Jeremy did more than simply coach his team in football. He mentored them as people, encouraging them to overcome personal adversities, apply discipline to their academic studies, achieve as sportsmen and develop into fine young leaders. With many in his squad having one parent either dead or in prison, he was often viewed as a surrogate father.
Loyalty and pride are powerful. Gradually, this unknown team gained finesse, winning against established rivals from affluent areas. A dream season had begun and the Williams family was thriving on and off the pitch.
Until one day, Jeremy was riding his bicycle and felt his hand become incredibly weak. The weakness gradually moved up his arm. Finally, tests at Johns Hopkins revealed he was in the early stages of the most common type of motor neurone disease (MND), amyotrophic lateral sclerosis (ALS). For someone whose financial security and very identity rested in his sporting ability, the diagnosis was particularly crushing.
Jeremy fought to remain a role model for his team and continued coaching until it was no longer possible. His final match as coach occurred during the State championship and the story of his team’s remarkable rise was documented in the movie Season of A Lifetime.

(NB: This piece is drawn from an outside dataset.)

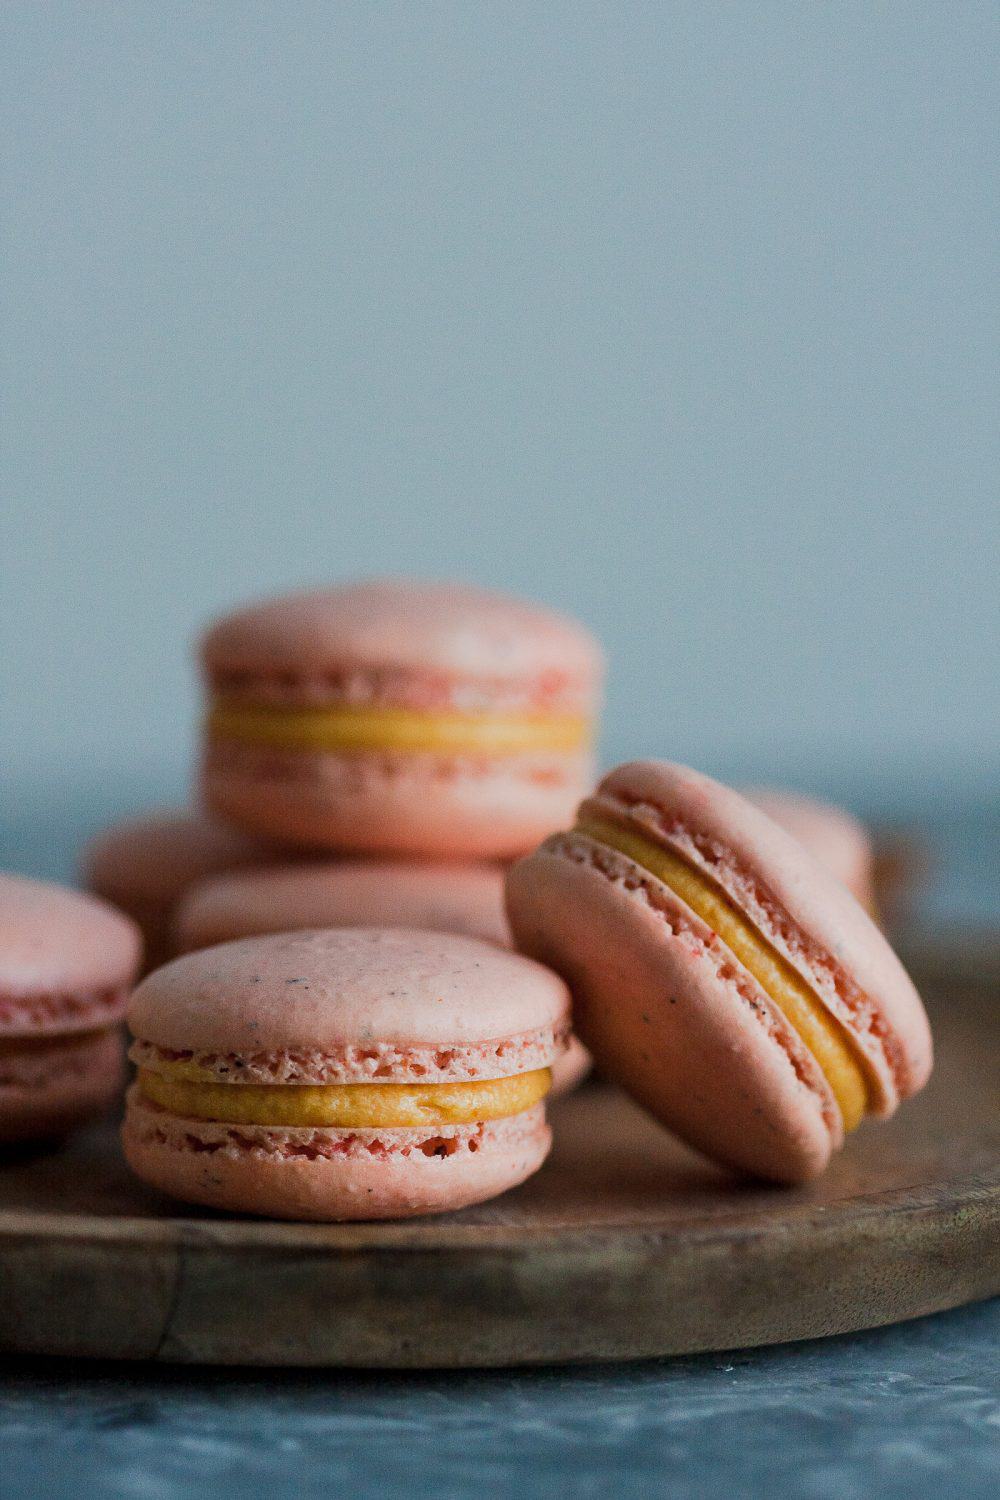 Pink macarons with a yellow filling - Macarons

In recognition of his superb contribution to sport and education, the community of Pine Mountain Valley partnered with the team at Extreme Makeover Home Edition to build the Williams family a beautiful wheelchair-friendly home and a state-of-the-art training facility for the Greenville High football team.
Where do I come in?
That Sunday afternoon, expecting to be entertained, I instead received a forcible reminder of the strength of the human spirit, the power of community and the importance of living life to the fullest, with those we love, every single day.
I felt I had received a real gift and thought there must be a way to reach out across the globe and touch the hearts of this family in turn. So, for four months, I spent many evenings after work making a large set of Christmas decorations by hand, figuring that each Christmas must be particularly precious in their household. Each decoration took 6 to 8 hours to make. When I finally filled a large box, I wrote a letter explaining who I was, found some generic mailing details online (I relied on the local post office knowing who Jeremy was!) and couriered my gift to the US.
You can imagine my disappointment when the US Postal Service advised the parcel had been lost (suspected stolen) during Customs processing. It was only a week out from Christmas, and there was no way a replacement parcel could be made or sent in that time. FedEx sent me insurance forms but, somehow, I couldn’t bring myself to claim for that gift.
After finishing work early on Christmas Eve, I went home feeling deflated. To my surprise, late that afternoon an unmarked FedEx vehicle pulled into the driveway with a return Christmas gift from the Williams family – they had received my parcel weeks earlier. My decorations had been on their tree the entire time the USPS had been trying to find them!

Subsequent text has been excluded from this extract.